***** RAW DATA

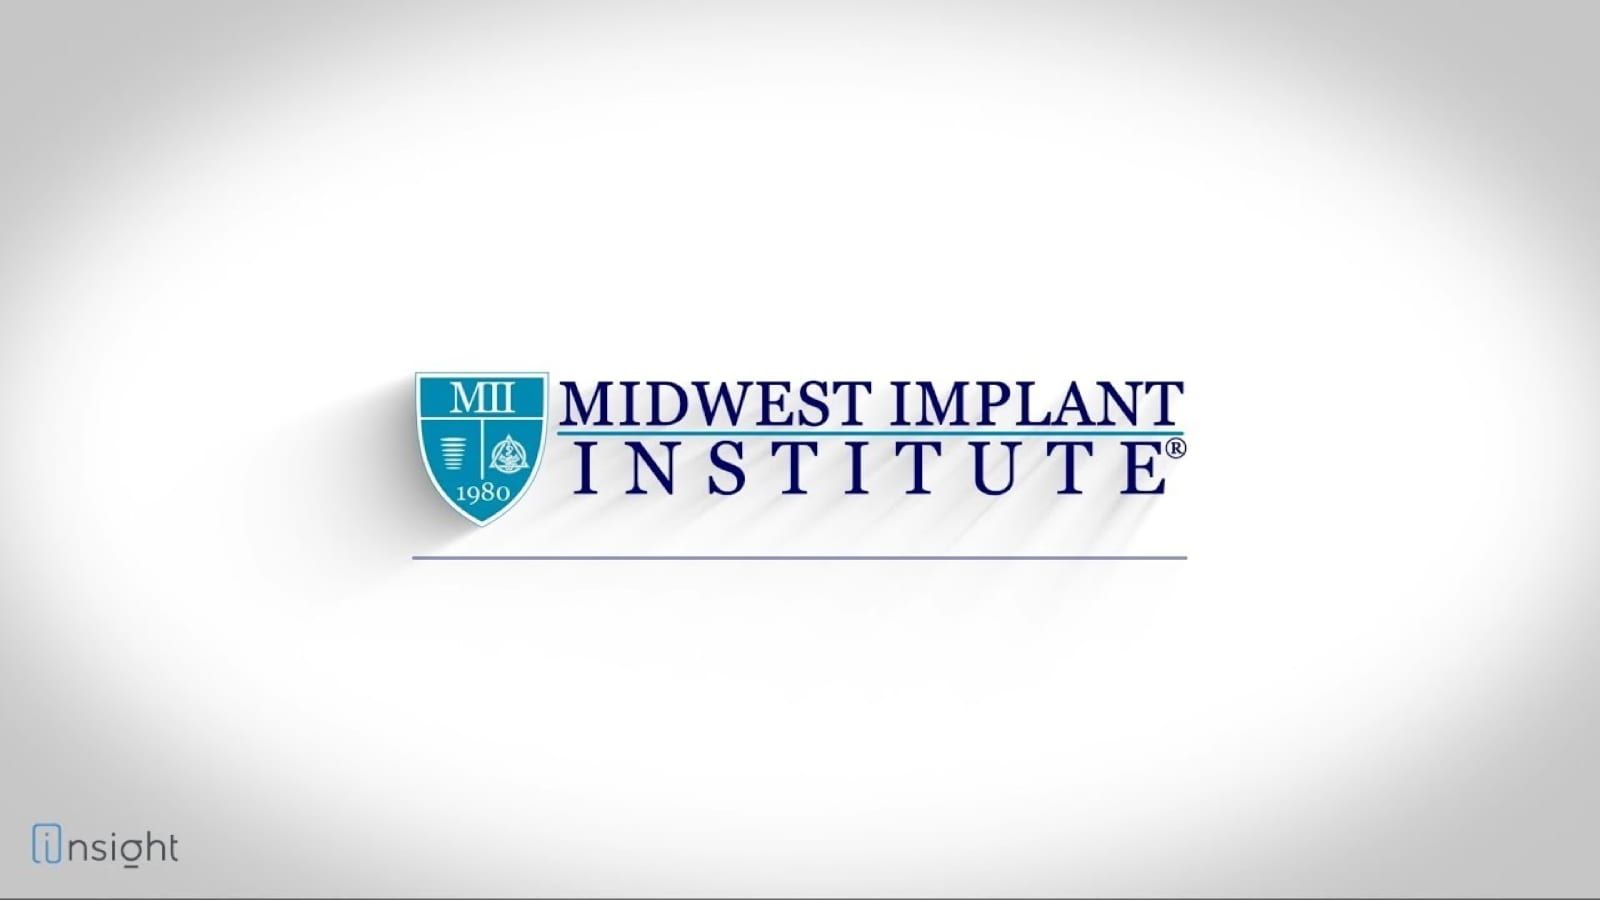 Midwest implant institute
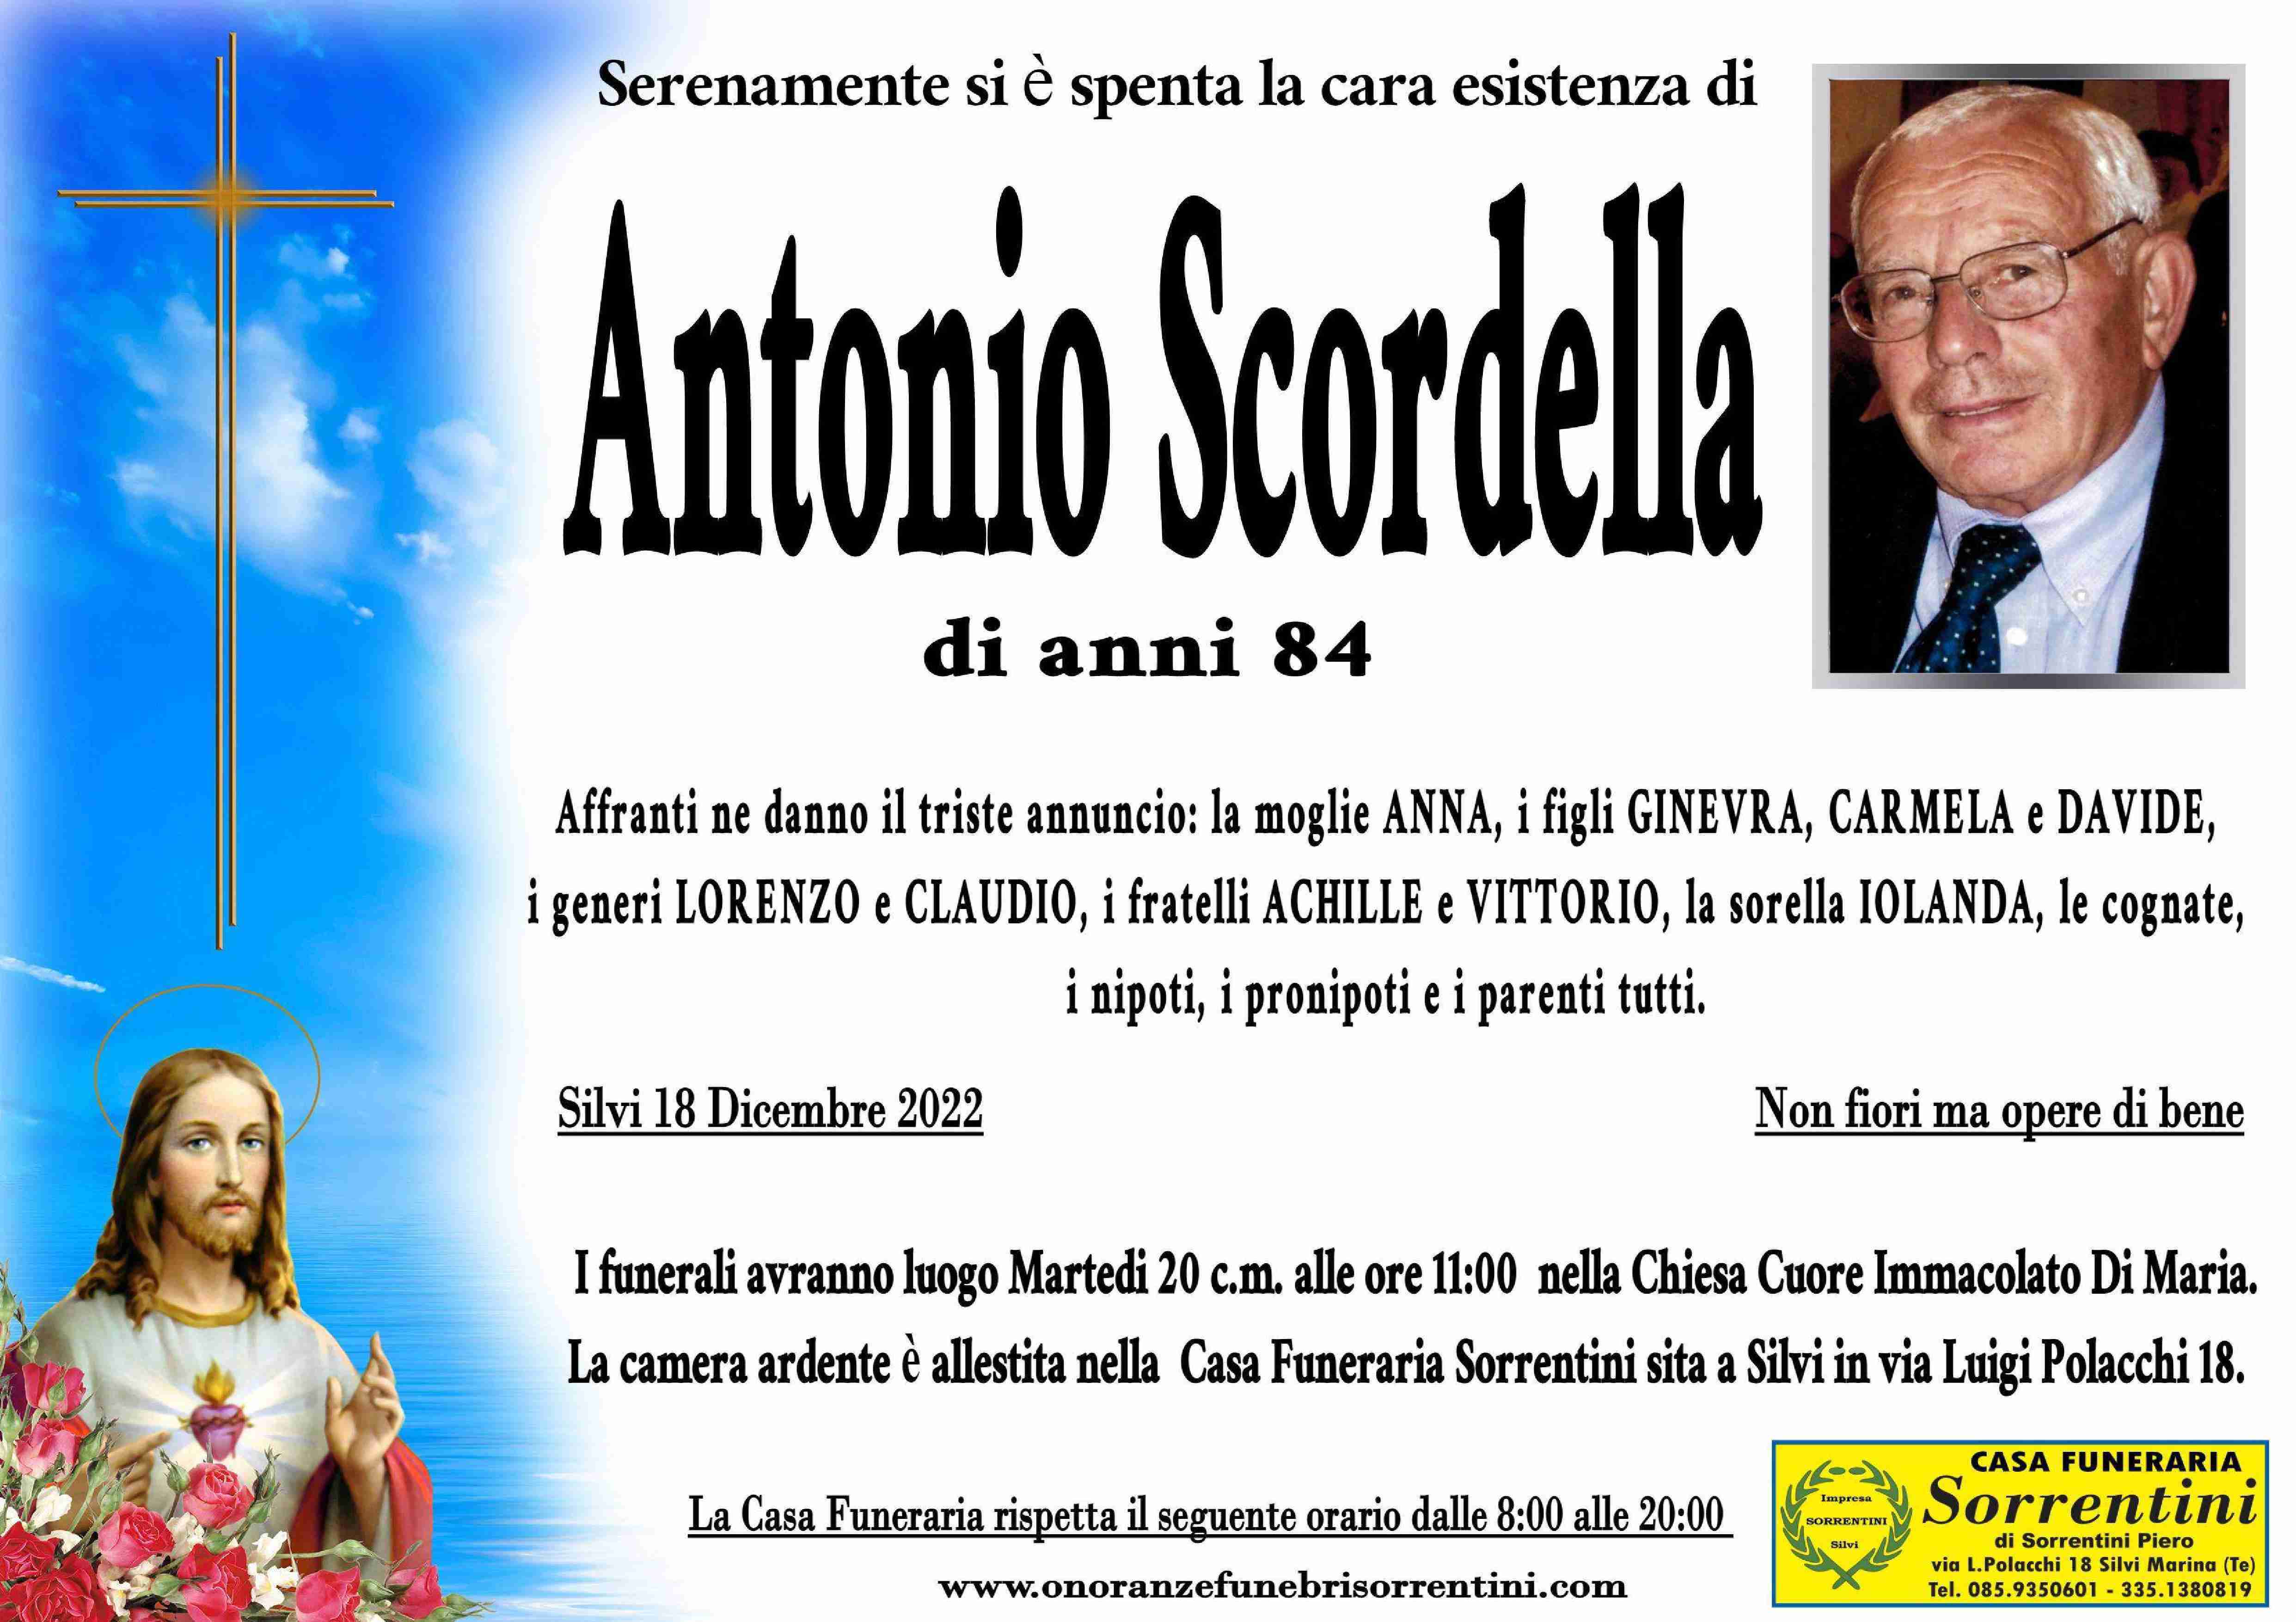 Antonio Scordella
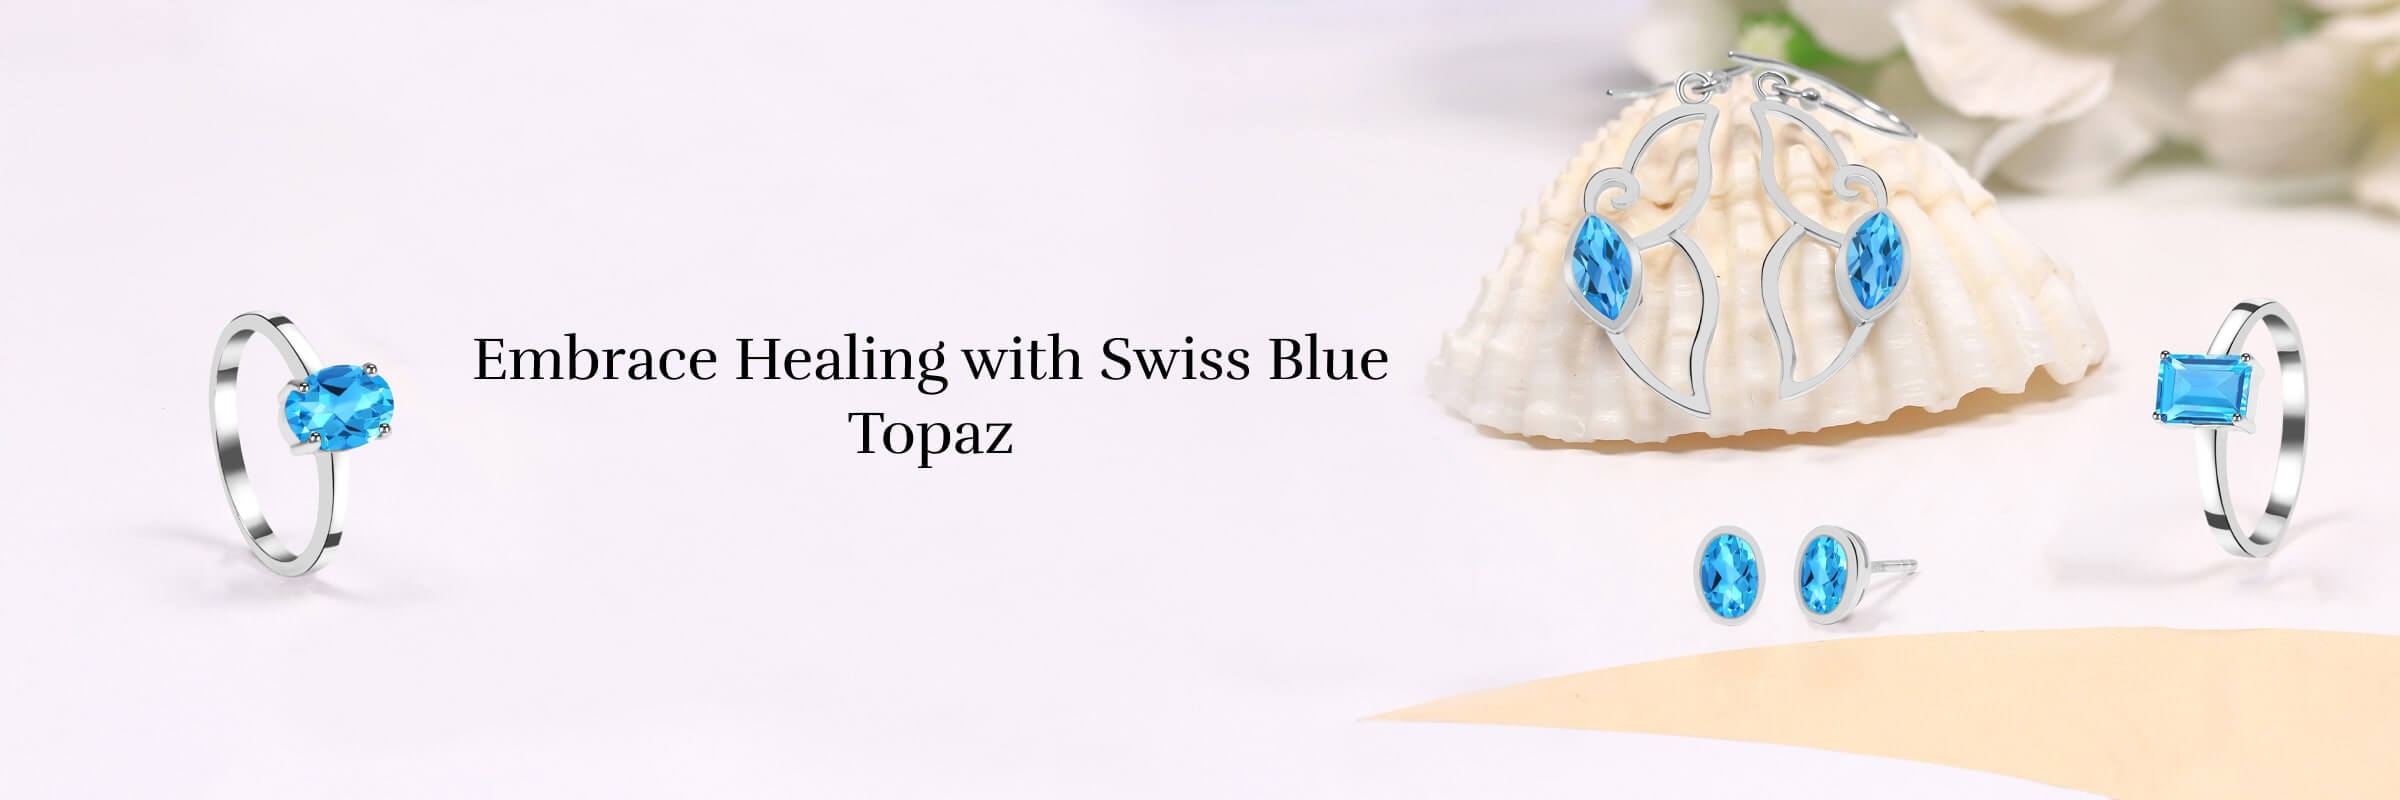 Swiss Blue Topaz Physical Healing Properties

**********

§ PROBLEM STATEMENT
Output an exact copy of the material, with the pictures removed.

§ YOUR SOLUTION
 Midwest implant institute
 Antonio Scordella
 Swiss Blue Topaz Physical Healing Properties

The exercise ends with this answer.